Spring Batch - How to prevent batch from storing transactions in DB

Spring Batch - How to prevent batch from storing transactions in DB - spring-batch

First the problem statement:
I am using Spring-Batch in my DEV environment fine. When I move the code to a production environment I am running into a problem. In my DEV environment, Spring-Batch is able to create it's transaction data tables in our DB2 database server with out problem. This is not a option when we go to PROD as this is a read only job.
Attempted solution:
Search Stack Overflow I found this posting:
Spring-Batch without persisting metadata to database?
Which sounded perfect, so I added
#Bean
public ResourcelessTransactionManager transactionManager() {
return new ResourcelessTransactionManager();
}
#Bean
public JobRepository jobRepository(ResourcelessTransactionManager transactionManager) throws Exception {
MapJobRepositoryFactoryBean mapJobRepositoryFactoryBean = new MapJobRepositoryFactoryBean(transactionManager);
mapJobRepositoryFactoryBean.setTransactionManager(transactionManager);
return mapJobRepositoryFactoryBean.getObject();
}
I also added it to my Job by calling .reporitory(jobRepository).
But I get
Caused by: java.lang.NullPointerException: null
at org.springframework.batch.core.repository.dao.MapJobExecutionDao.synchronizeStatus(MapJobExecutionDao.java:158) ~[spring-batch-core-3.0.6.RELEASE.jar:3.0.6.RELEASE]
So I am not sure what to do here. I am new to Spring so I am teaching myself as I go. I am open to other solutions, such as an in memory database, but I have not been able to get them to work either. I do NOT need to save any state or session information between runs, but the data base query I am running will return around a million or so rows, so I will need to get that in chunks.
Any suggestions or help would be greatly appreciated.
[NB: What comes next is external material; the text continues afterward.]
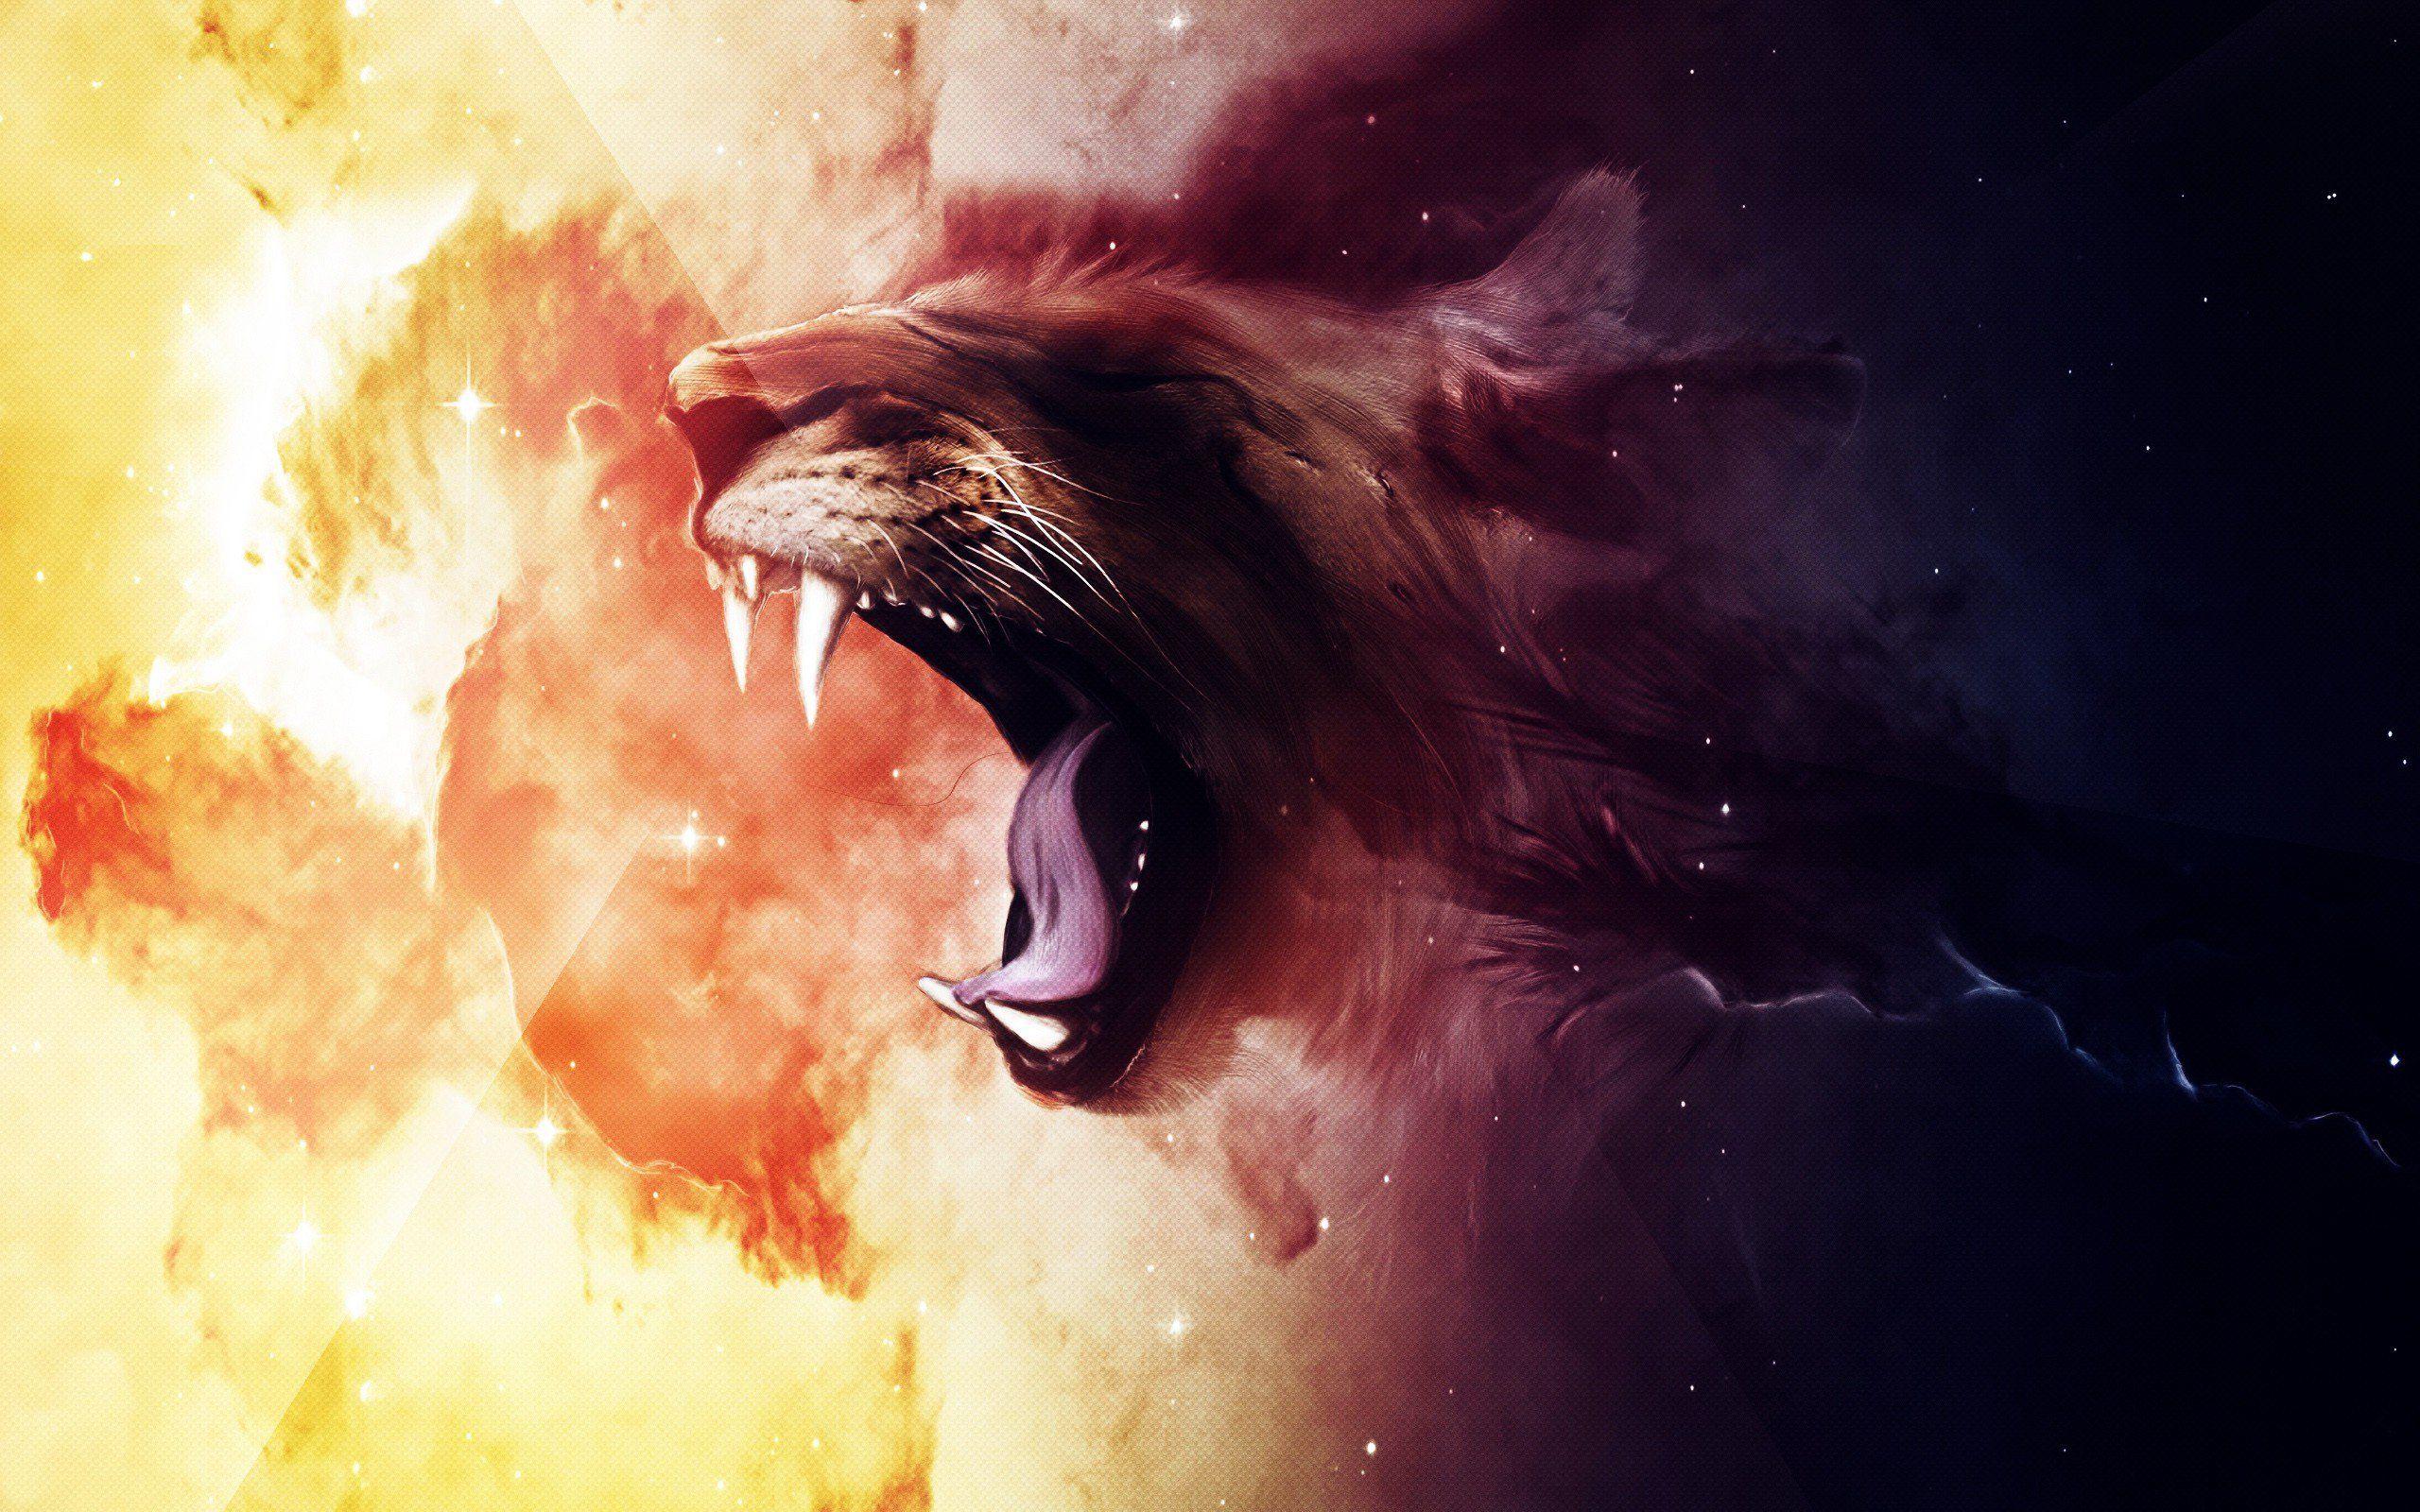 Roaring Lion, HD Creative, 4k Wallpaper, Image, Background

Add this beans to AppClass
#Bean
public PlatformTransactionManager transactionManager() {
return new ResourcelessTransactionManager();
}
#Bean
public JobExplorer jobExplorer() throws Exception {
MapJobExplorerFactoryBean jobExplorerFactory = new MapJobExplorerFactoryBean(mapJobRepositoryFactoryBean());
jobExplorerFactory.afterPropertiesSet();
return jobExplorerFactory.getObject();
}
#Bean
public MapJobRepositoryFactoryBean mapJobRepositoryFactoryBean() {
MapJobRepositoryFactoryBean mapJobRepositoryFactoryBean = new MapJobRepositoryFactoryBean();
mapJobRepositoryFactoryBean.setTransactionManager(transactionManager());
return mapJobRepositoryFactoryBean;
}
#Bean
public JobRepository jobRepository() throws Exception {
return mapJobRepositoryFactoryBean().getObject();
}
#Bean
public JobLauncher jobLauncher() throws Exception {
SimpleJobLauncher simpleJobLauncher = new SimpleJobLauncher();
simpleJobLauncher.setJobRepository(jobRepository());
return simpleJobLauncher;
}

This doesn't directly answer your question, but that is not a good solution; the map-based repository is supposed to be used only for testing. It will grow in memory indefinitely.
I suggest you use an embedded database like sqlite. The main problem in using a separate database for job metadata is that you should then coordinate the transactions between the two databases that you use (so that the state of metadata matches that of the data), but since it seems you're not even writing in the main database, that probably won't be a problem for you.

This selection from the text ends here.